12 de Março de 1930: Mahatma Gandhi inicia a Marcha do Sal

Também conhecida pelo nome de Satyagraha, a Marcha do Sal foi um movimento com o objectivo de impedir a proibição da actividade de extracção do sal na Índia, que era uma colónia inglesa. Com a medida, uma proibição dos britânicos, Mahatma Gandhi iniciou uma caminhada que começou no mosteiro Sabarmati Ashram e terminou em Dandi, pequena aldeia em que o líder revolucionário pegou num punhado de sal como gesto simbólico. Mesmo após a prisão de Gandhi, o movimento continuou até Bombaim.

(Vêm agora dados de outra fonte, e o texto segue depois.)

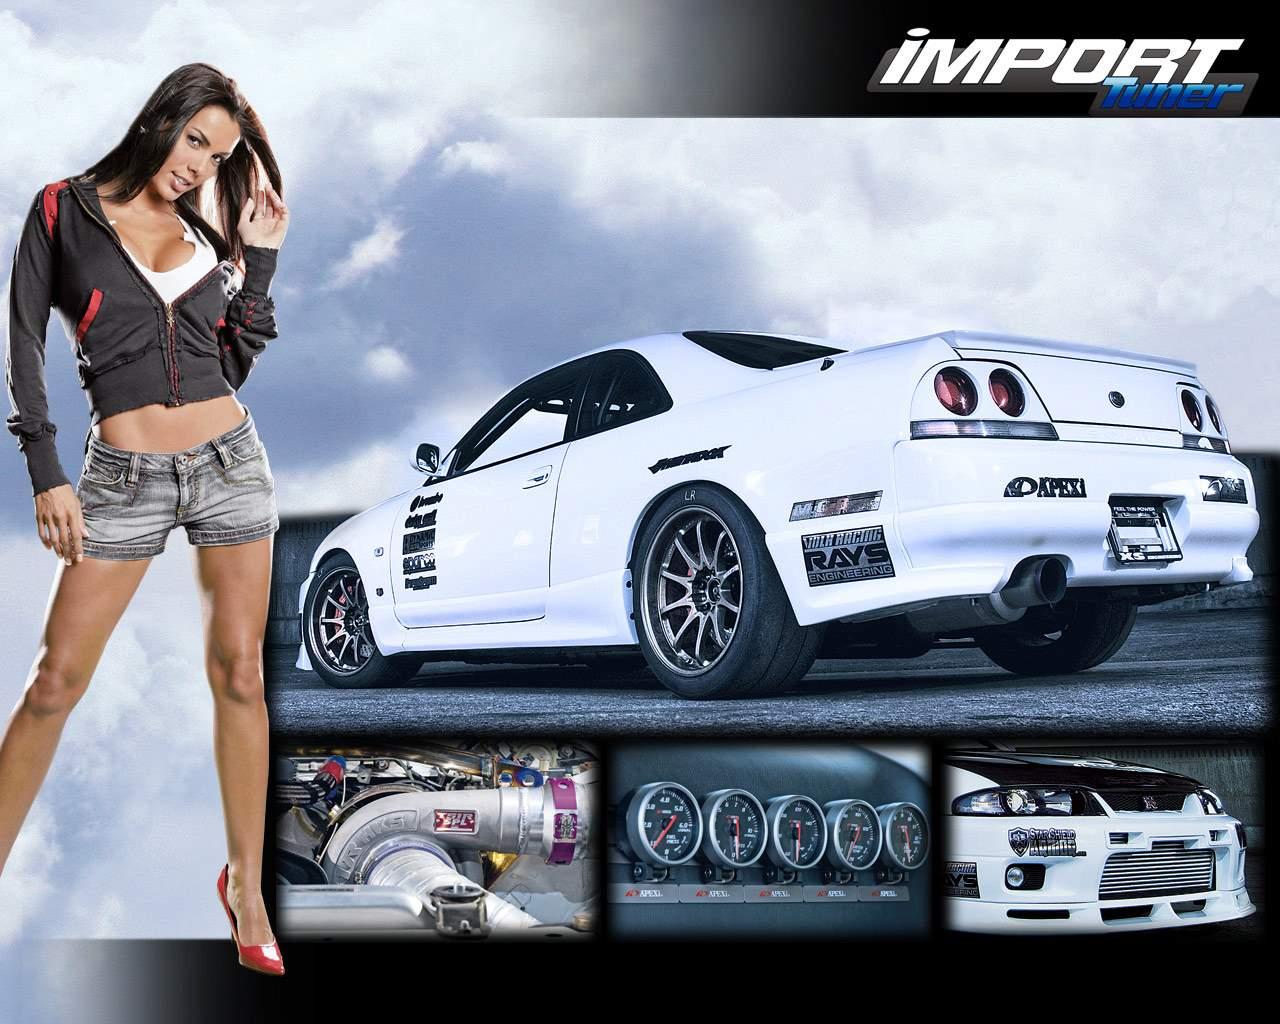 http://4.bp.blogspot.com/-4BWphgPyZbk/Tg0DtthHoTI/AAAAAAAAAHM/EfIcaVevBj0/s1600/Nissan_Skyline_GTR%252C_Import_Tuner_2006.jpg

Na realização deste manifesto, Gandhi foi acompanhado por um bom número de seguidores, porém,  não incitou nenhum deles a acompanhá-lo, o que impediu uma reacção instantânea das autoridades britânicas. A Marcha do Sal foi iniciada no dia 12 do mês de Março de 1930 e terminou no dia 6 de Abril do referido ano.


Para descanso e alimentação, o grupo parava nas cidades em que passava, o que apenas aumentava o número de seguidores da Marcha. O principal motivo do protesto foi uma imposição da Inglaterra  que tinha o monopólio sobre a distribuição do sal. O monopólio obrigava  todos os consumidores indianos, entre eles os mais pobres, a pagar um imposto sobre o sal e instituía a proibição de eles mesmos recolherem sal e criarem salinas.

No último dia da manifestação, 6 de Abril, os participantes realizaram o ritual sagrado do banho hindu. Depois, Mahatma Gandhi caminhou até à beira do mar e apanhou um punhado de sal. Então, mecanicamente, os seus milhares de seguidores fizeram o mesmo movimento.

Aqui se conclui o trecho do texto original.